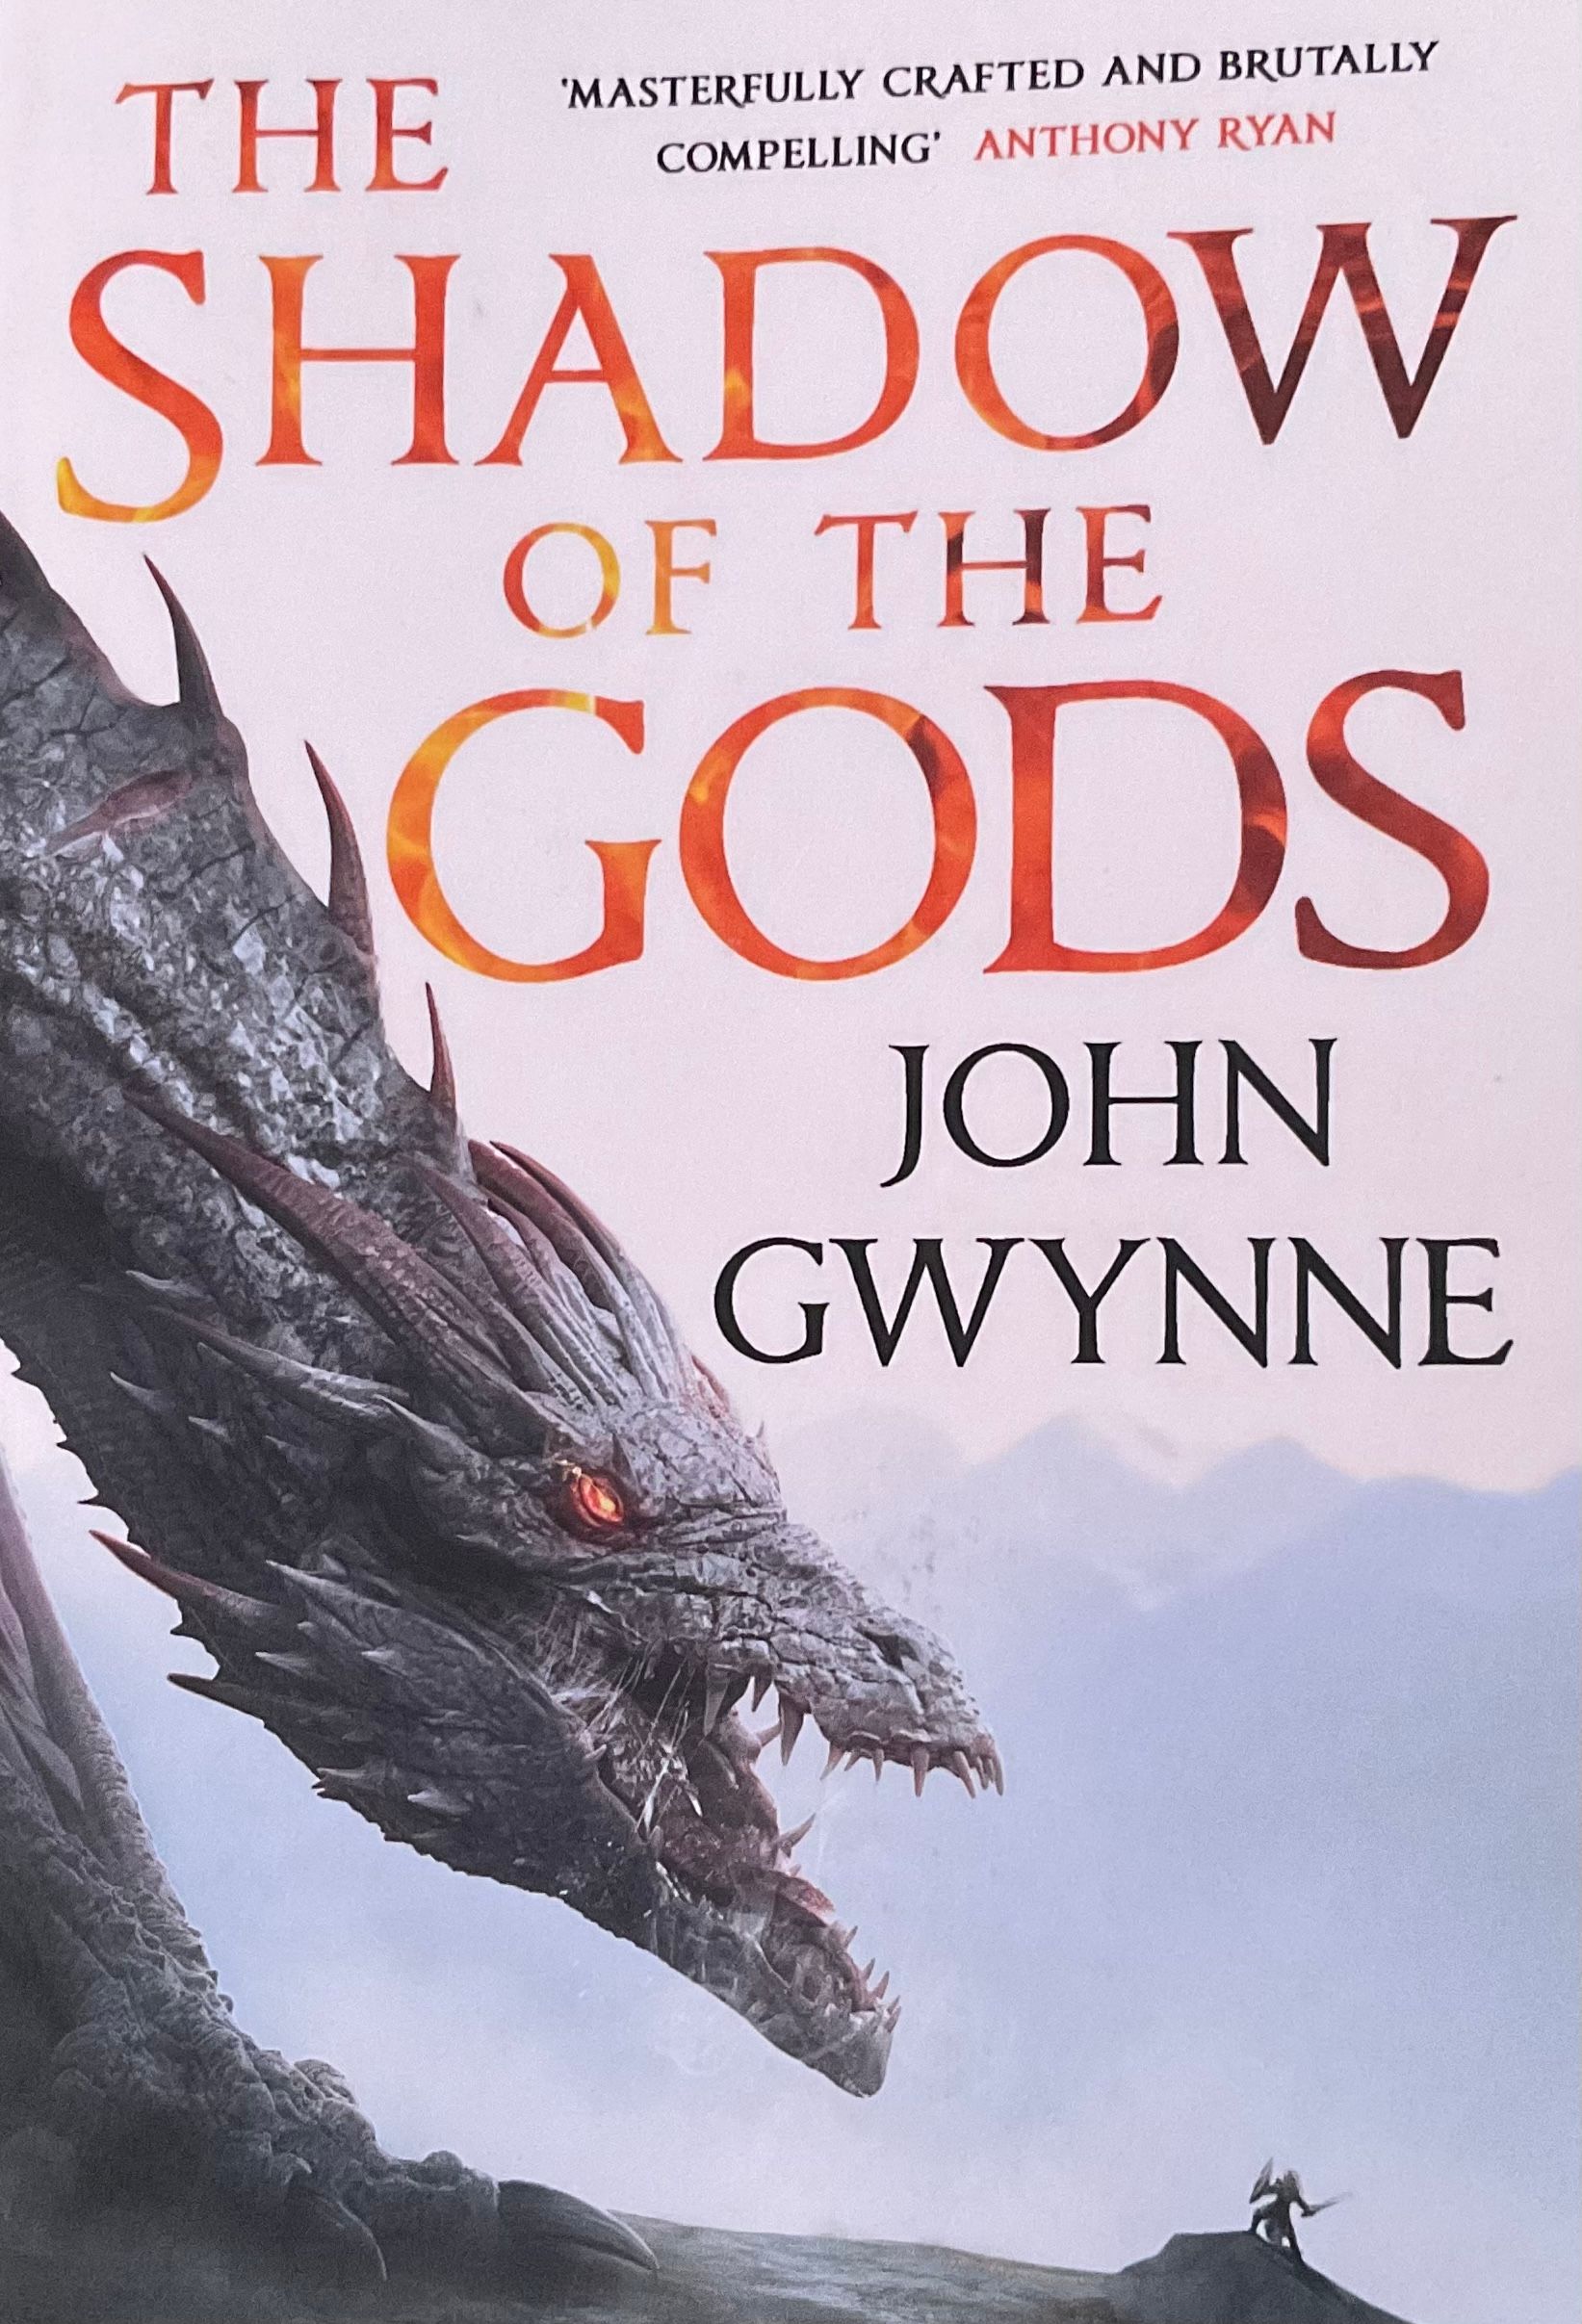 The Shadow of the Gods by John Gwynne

==

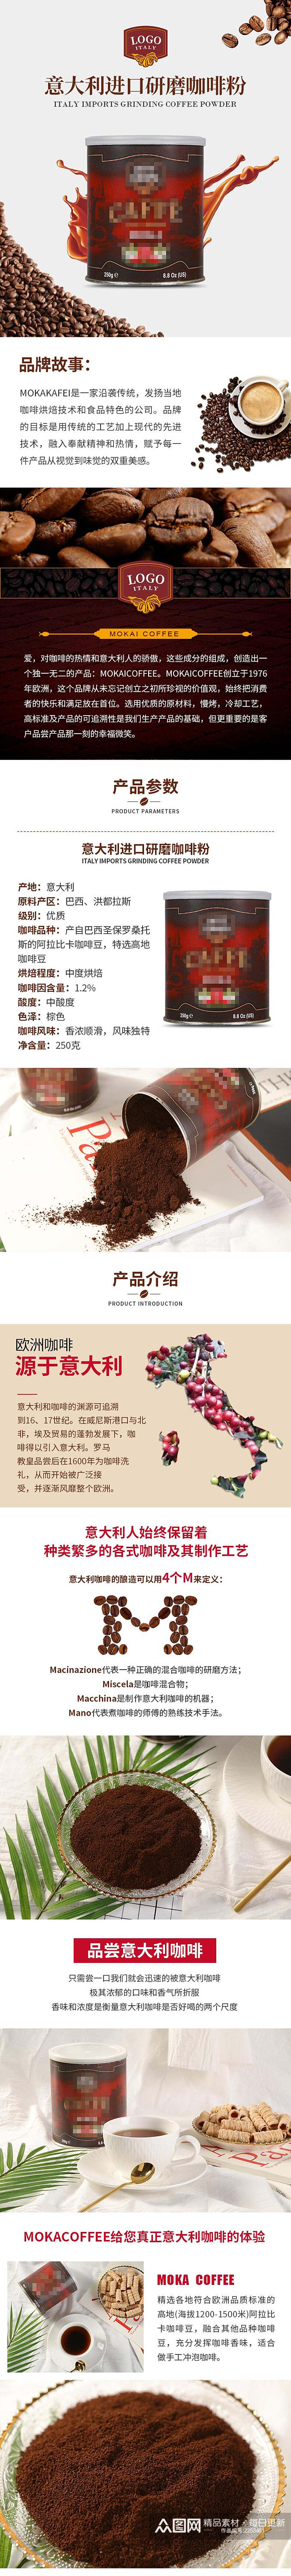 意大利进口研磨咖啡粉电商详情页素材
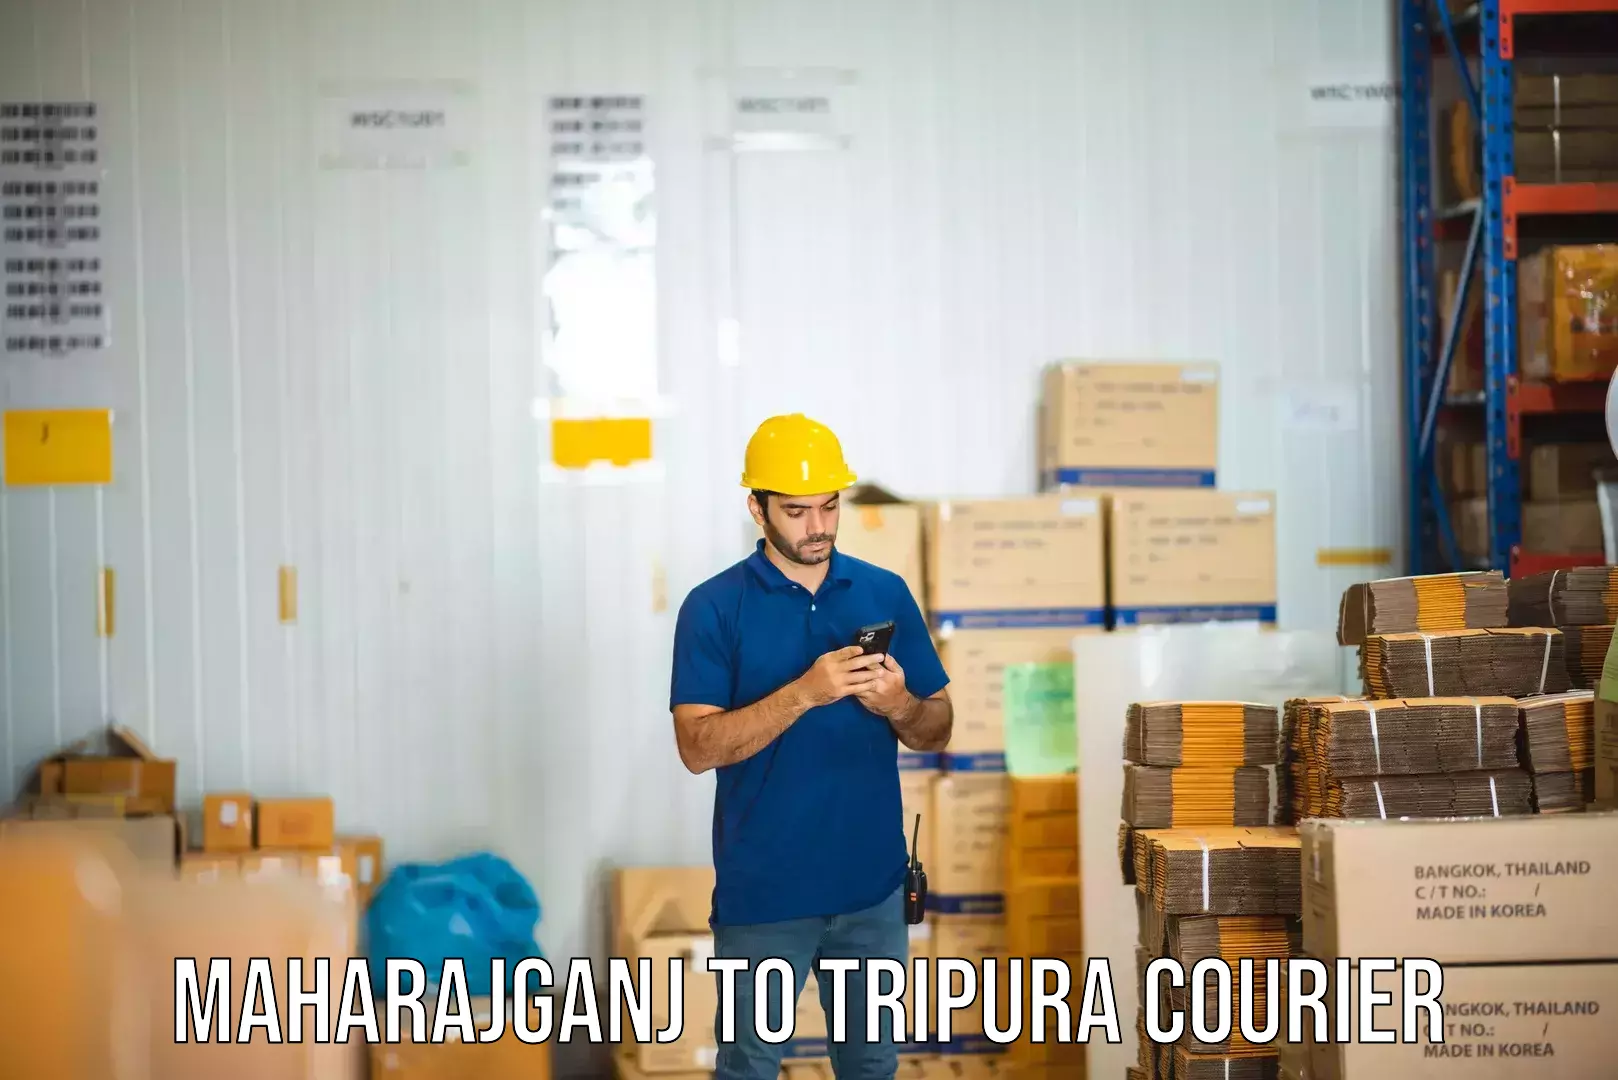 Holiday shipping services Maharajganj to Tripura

TASK ITEM: Up in the listing, locate the line with "意大利进口研磨咖啡粉电商详情页素材"; print it and every line after it down to the line with "Holiday shipping services", which is included too. Skip the pictures.

RESULT OF THE EXERCISE:
 意大利进口研磨咖啡粉电商详情页素材
 Holiday shipping services Maharajganj to Tripura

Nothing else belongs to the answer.